Your process is very similar to ours. We load all data over all years into a database, then our CDM_BUILDER chunks up the people and runs a person at a time. We can then distribute the work across machines.
We do not rebuild the SOURCE each time, we just append our new data to the end of it and reprocess indexes/statistics and such. The CDM is completely rebuilt each time.
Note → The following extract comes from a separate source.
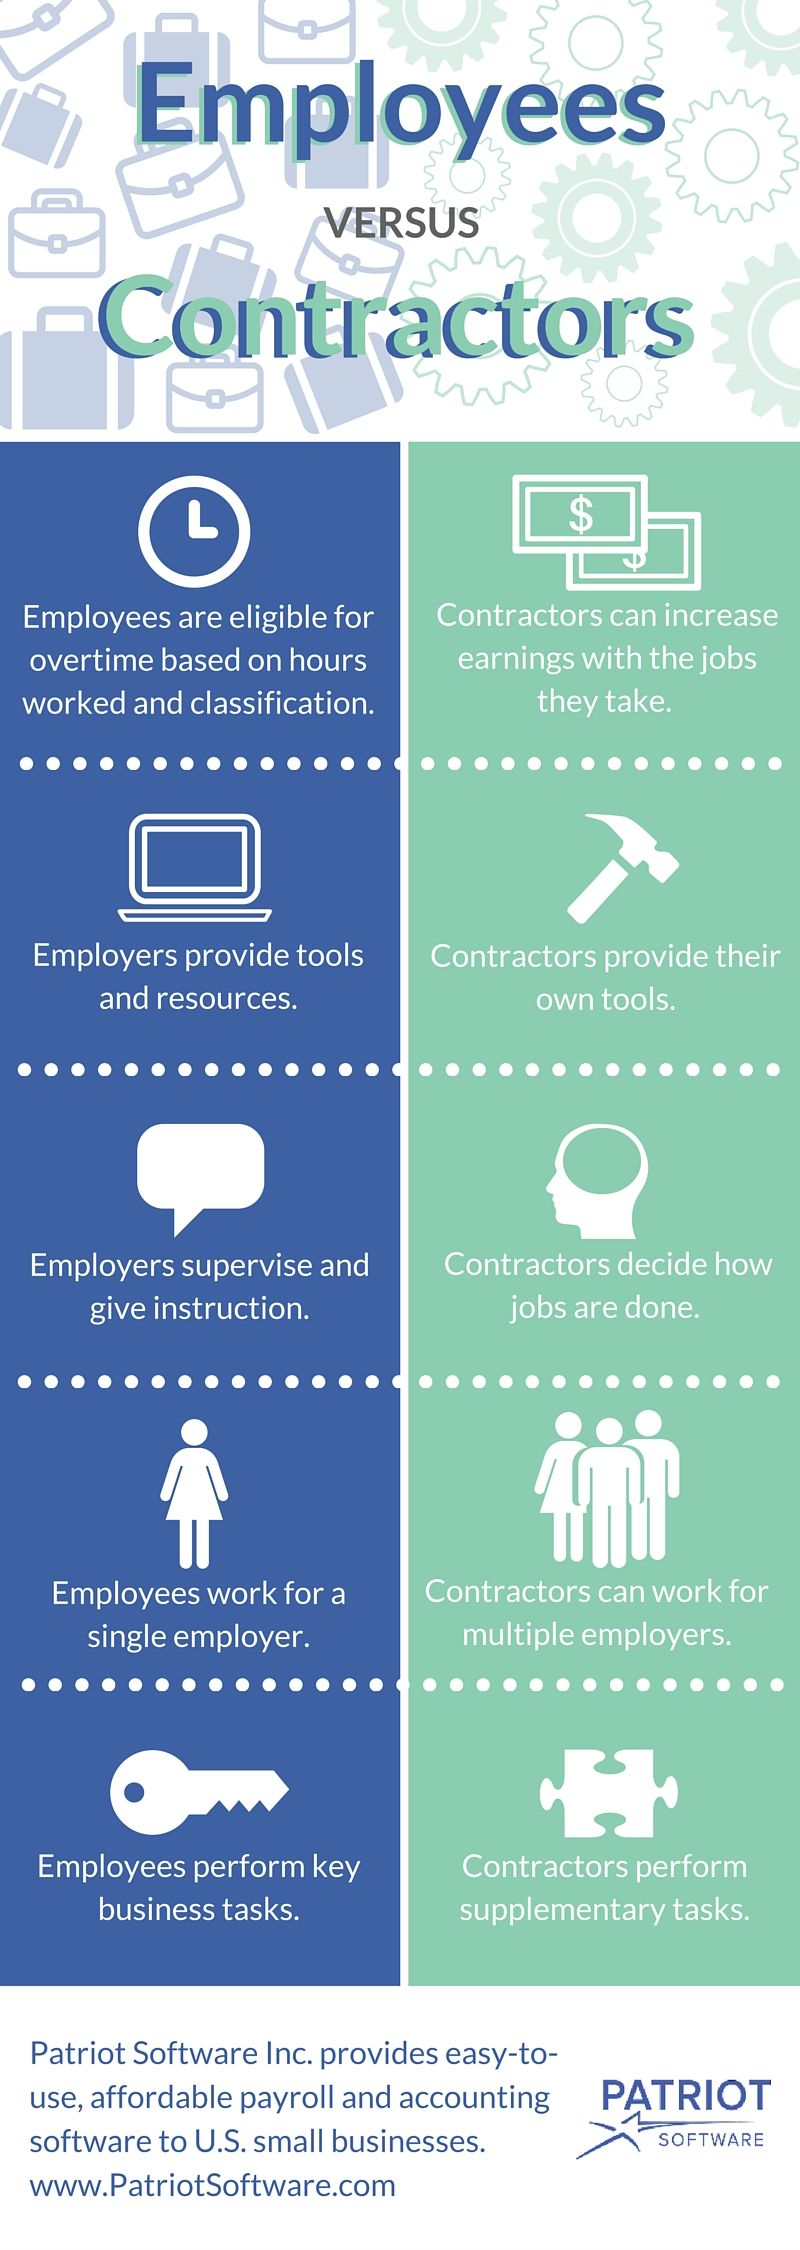 Independent contractor vs. employee checklist infographic from Patriot Software.

Actually, giving it a little thought, you might be able to do it by year. It is more work and will increase your run time (you’ll have a lot of post processing that wouldn’t have to be done running off the full DB).
-
You would have the problem that OBSERVATION_PERIODS would be year bound, but maybe you just create a job at the end that stitches them all together at the end.
-
ERAS would be fine, you would just run them after all the years are done running.
-
For the PERSON data we take the last person’s data - so you could have a situation that a person changed gender/birth year - but you could write each year’s information out and then post processing collapse the data.
-
For collapsing adjustment claims, you could just do the adjustment in the year and just accept you might be missing opportunities to collapse some records. Truven does a fairly good job of cleaning up the data, it isn’t like collapsing is a major component anyway.
I’ll noodle on it a bit more and see if I can come up with a reason why it would be a bad idea. Also, I am assuming you’ll have to do a full CDM build each time, you’ll need to get all data on the same VOCAB. I would not recommend appending to a CDM due to needing to keep up with the VOCAB.